The album reaches its zenith with the album’s most daring ballad, Goddess. This track stands in fierce contrast to the first track of the album, dreamer. It serves as a counter to those who tried to diminish her essence and succeeded. It eloquently portrays the difference between the divine presence she exudes on stage and the vulnerability she feels in solitude, where performance and costumes serve as her armour. Someone sought to reshape her into their vision of ideal femininity, an experience that is universally shared with most women. Laufey’s haunting voice resonates like the song of a heart echoing through the ancient corridors of an old cathedral, leaving an indelible impression on the soul.
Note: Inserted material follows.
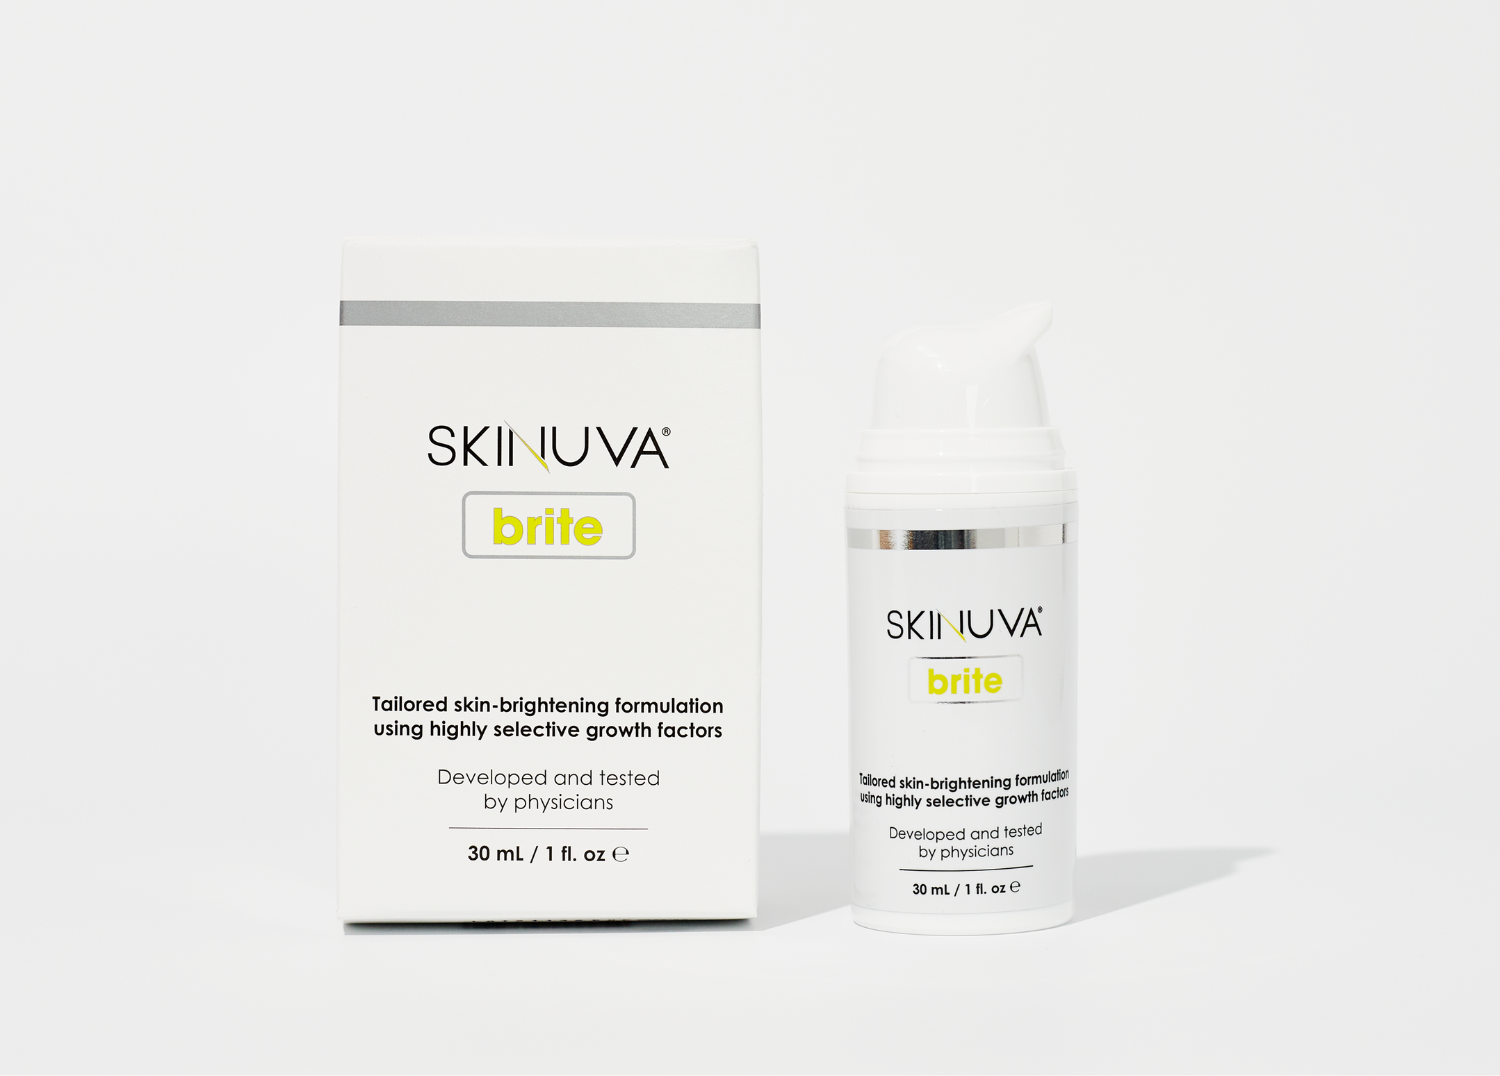 Skinuva Brite: The Revolutionary, Effective, Long-Term Treatment for Hyperpigmentation

In sum, this resurgence of jazz and heartfelt ballads has not only revived a beloved genre but also introduced a new generation to the timeless beauty of lovestruck melodies. Laufey’s Bewitched: Goddess Edition is a testament to music’s enduring power to evoke deep emotions and forge connections across time. After all, that’s what music is all about—unveiling the truth hidden within the shadows of our deepest sorrows, loves, and thoughts.